__Task brief__. Reproduce every record below exactly as written, leaving out any pictures.

__Data in this exercise__.
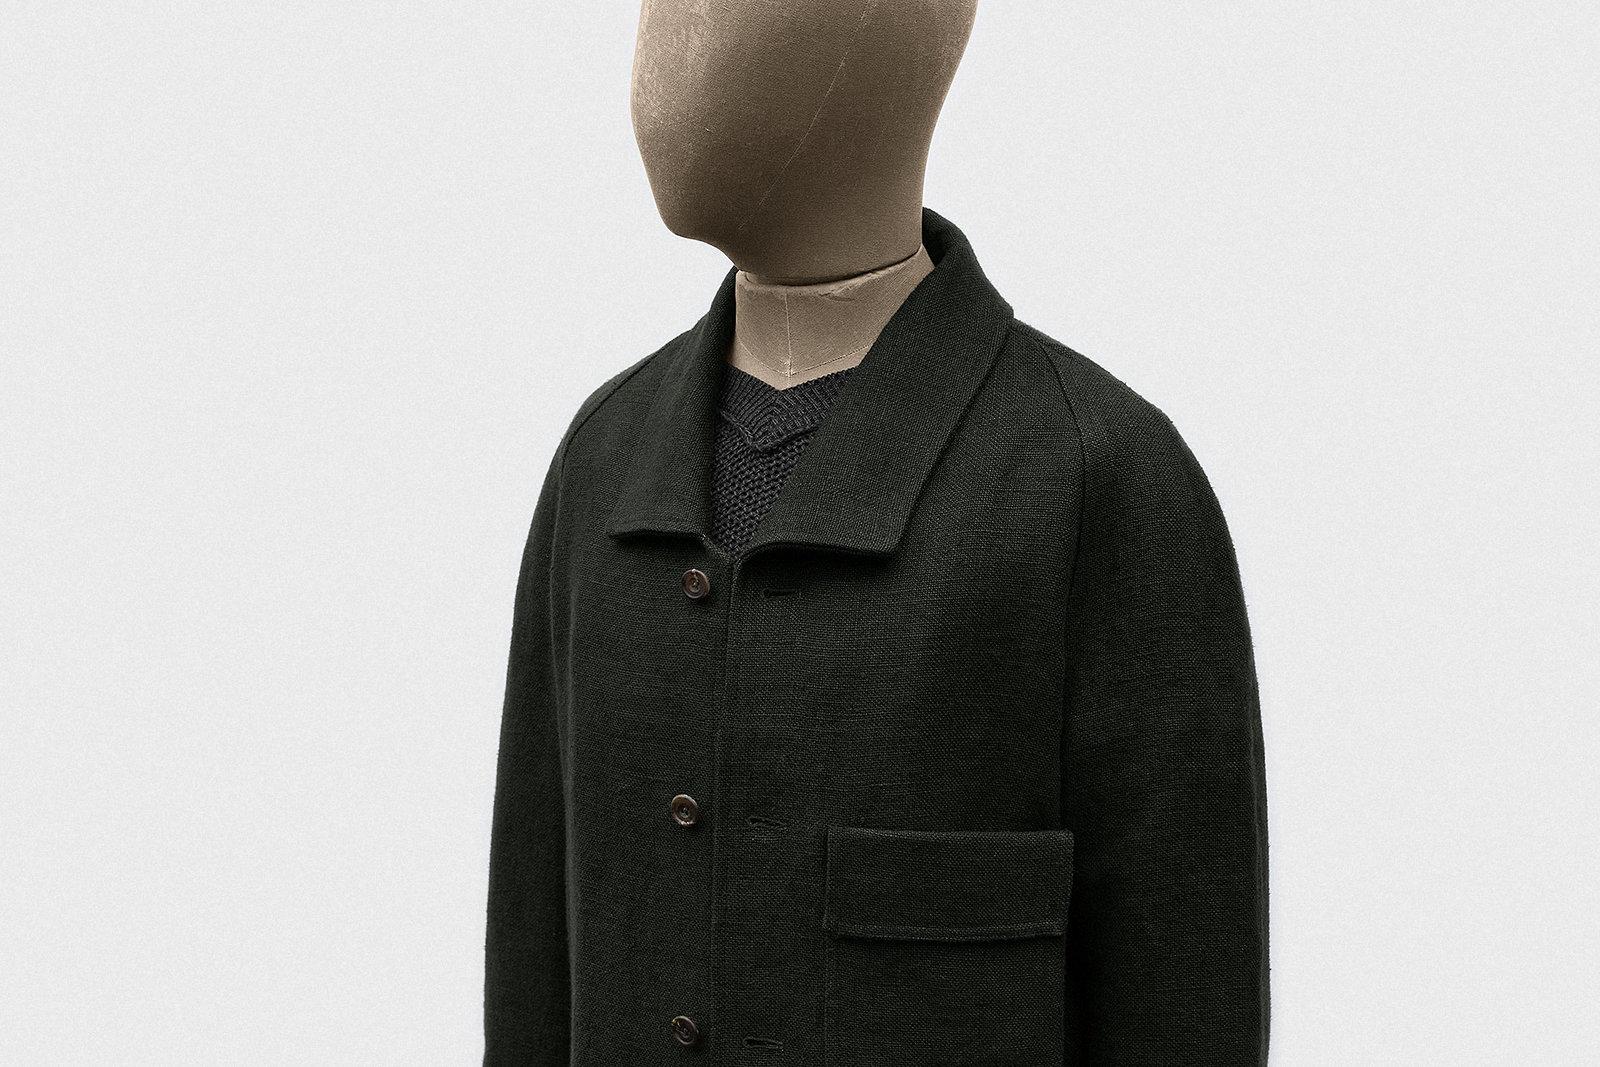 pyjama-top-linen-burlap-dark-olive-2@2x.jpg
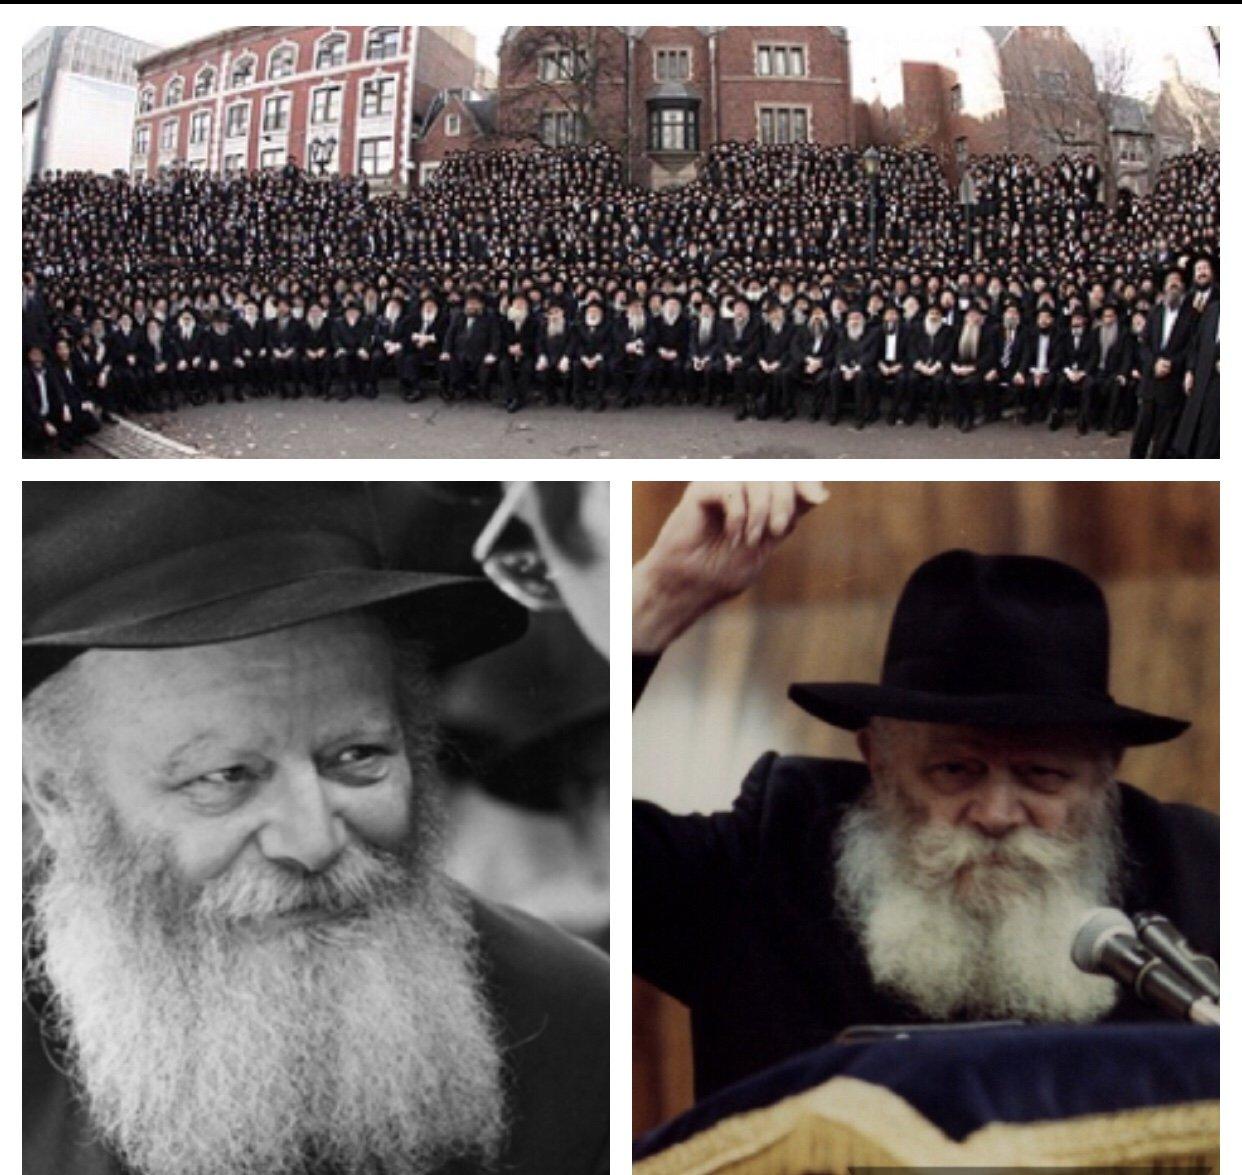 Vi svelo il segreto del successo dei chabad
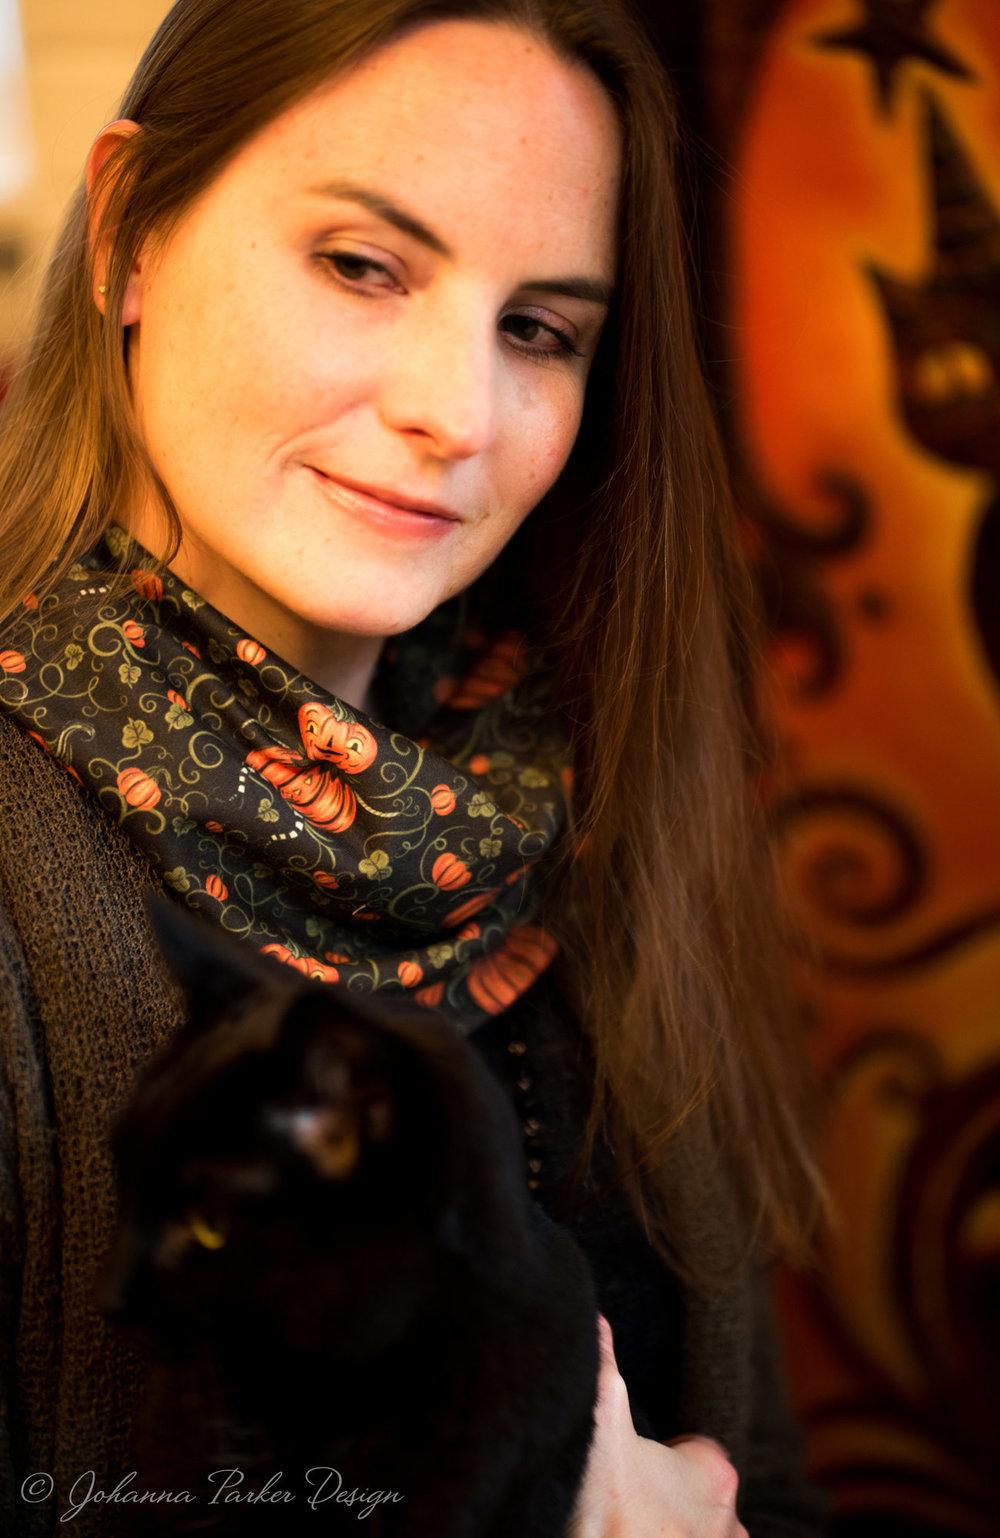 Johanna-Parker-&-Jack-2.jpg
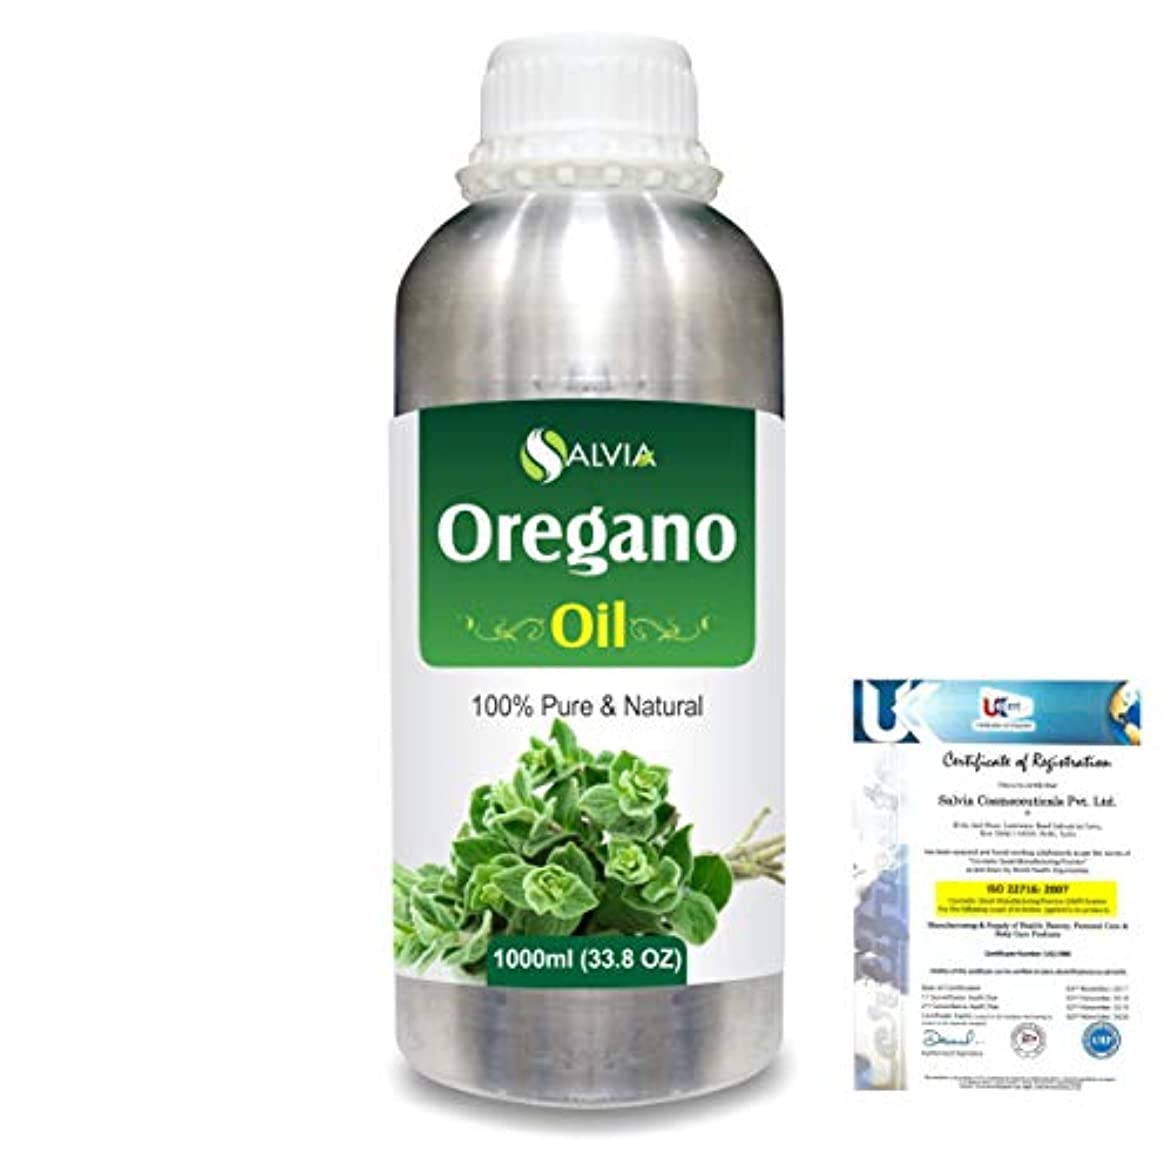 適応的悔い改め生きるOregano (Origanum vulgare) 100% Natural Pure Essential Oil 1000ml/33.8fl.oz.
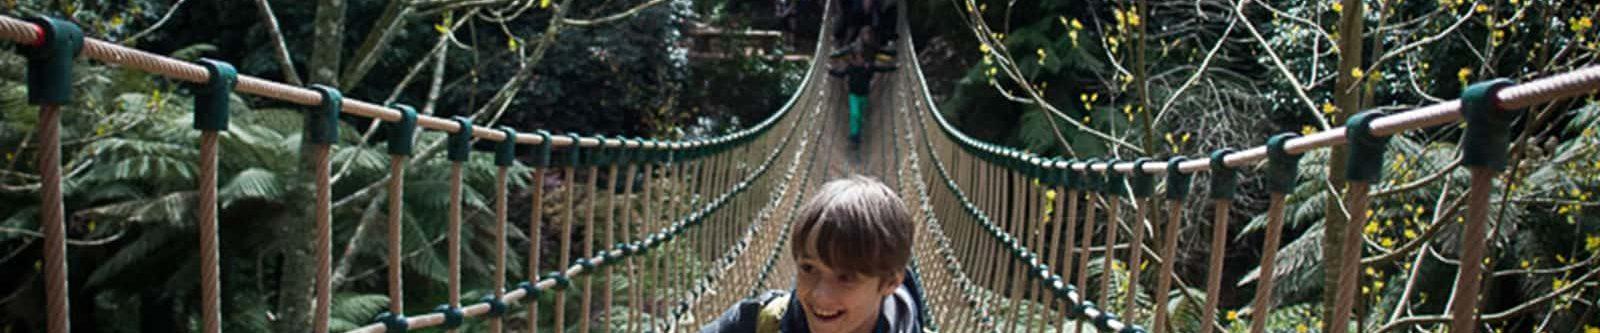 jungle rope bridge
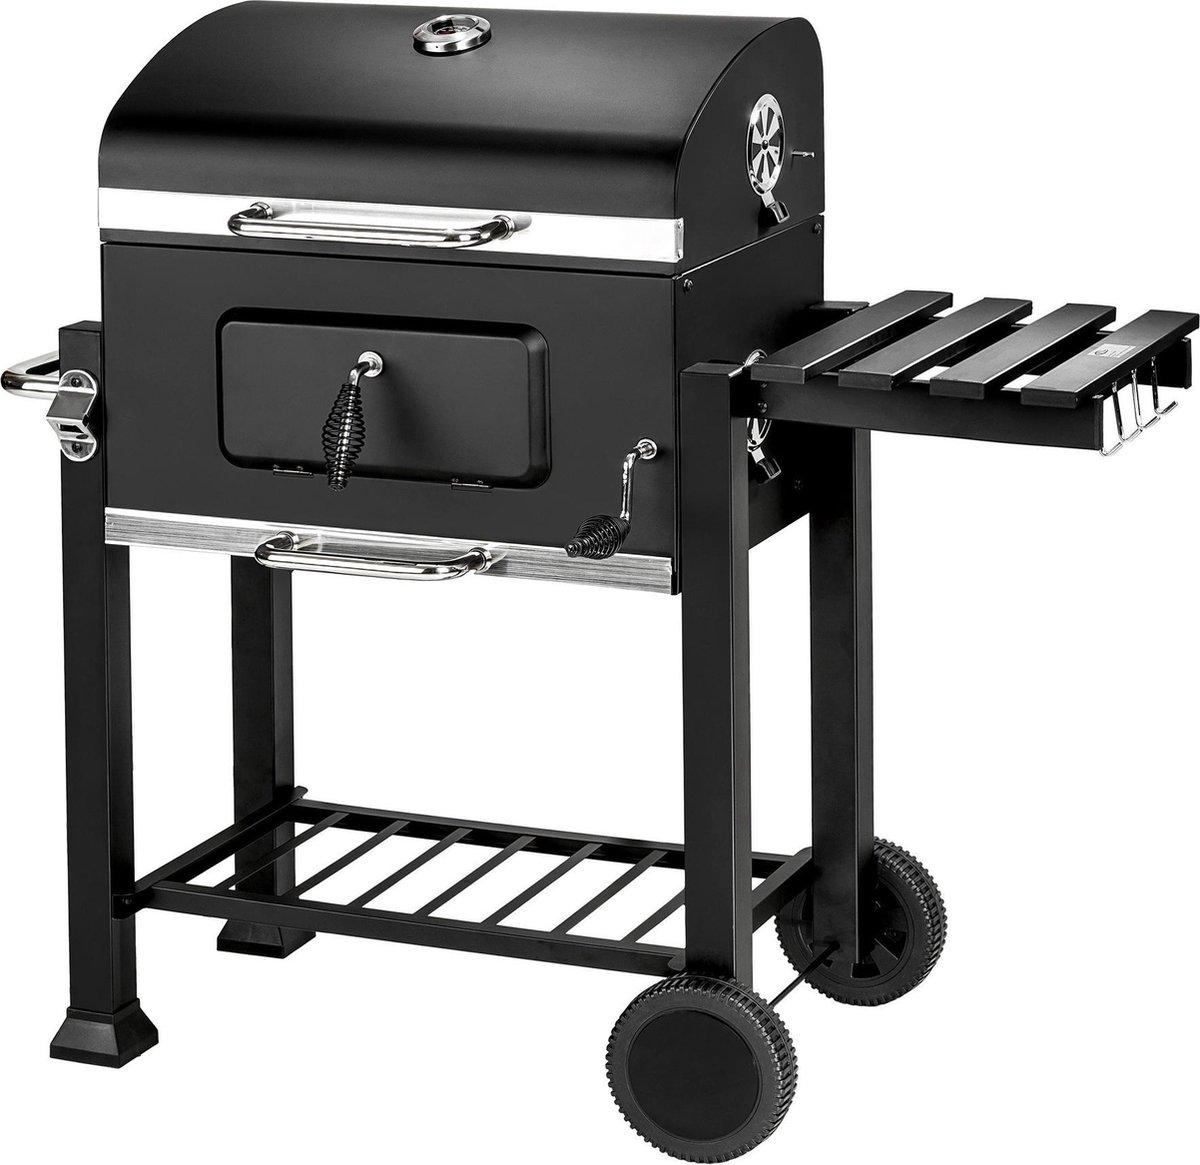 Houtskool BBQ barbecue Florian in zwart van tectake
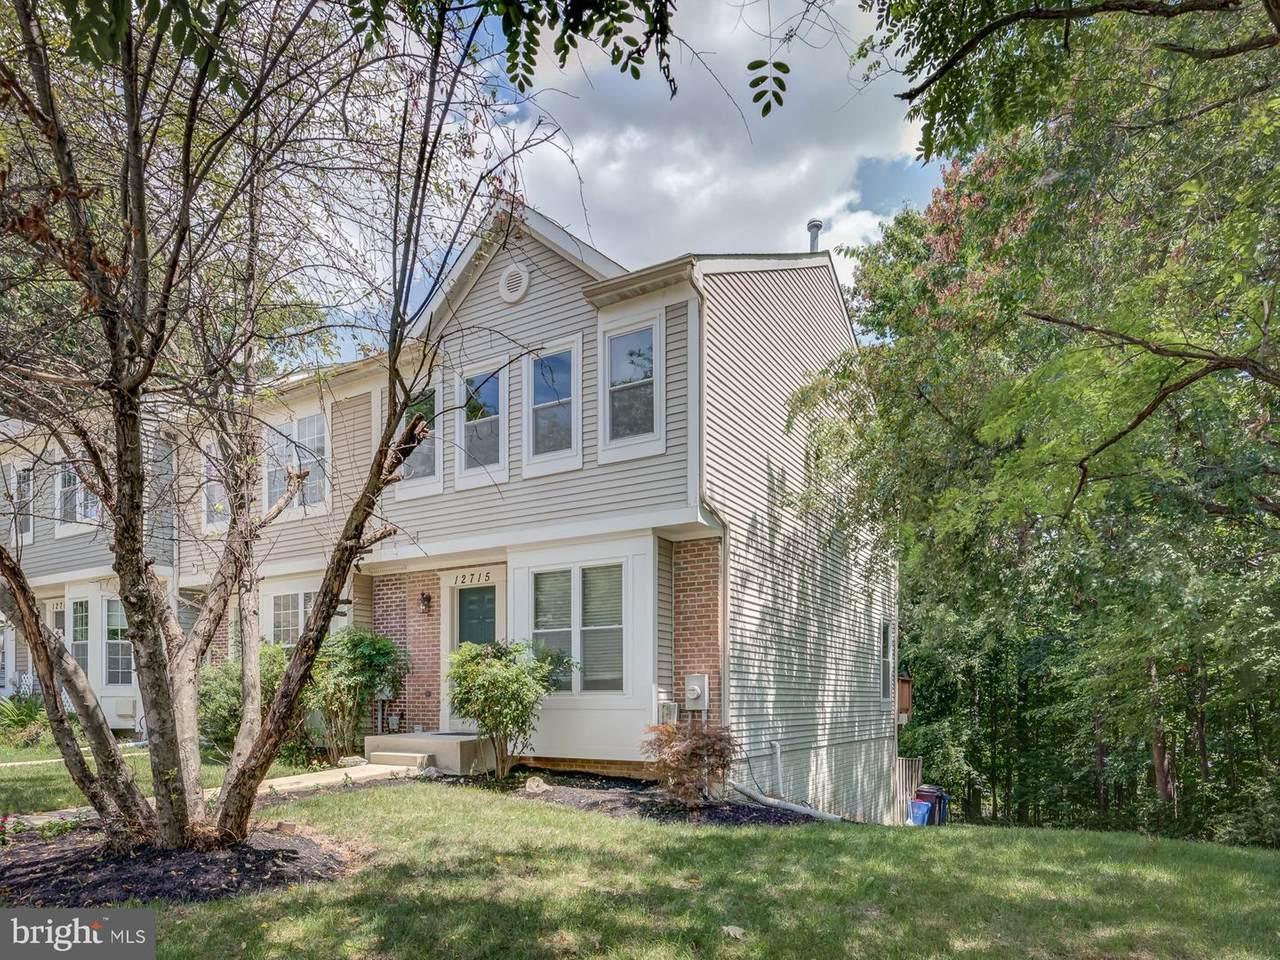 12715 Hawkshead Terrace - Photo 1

__Solution for this problem__.
 pyjama-top-linen-burlap-dark-olive-2@2x.jpg
 Vi svelo il segreto del successo dei chabad
 Johanna-Parker-&-Jack-2.jpg
 適応的悔い改め生きるOregano (Origanum vulgare) 100% Natural Pure Essential Oil 1000ml/33.8fl.oz.
 jungle rope bridge
 Houtskool BBQ barbecue Florian in zwart van tectake
 12715 Hawkshead Terrace - Photo 1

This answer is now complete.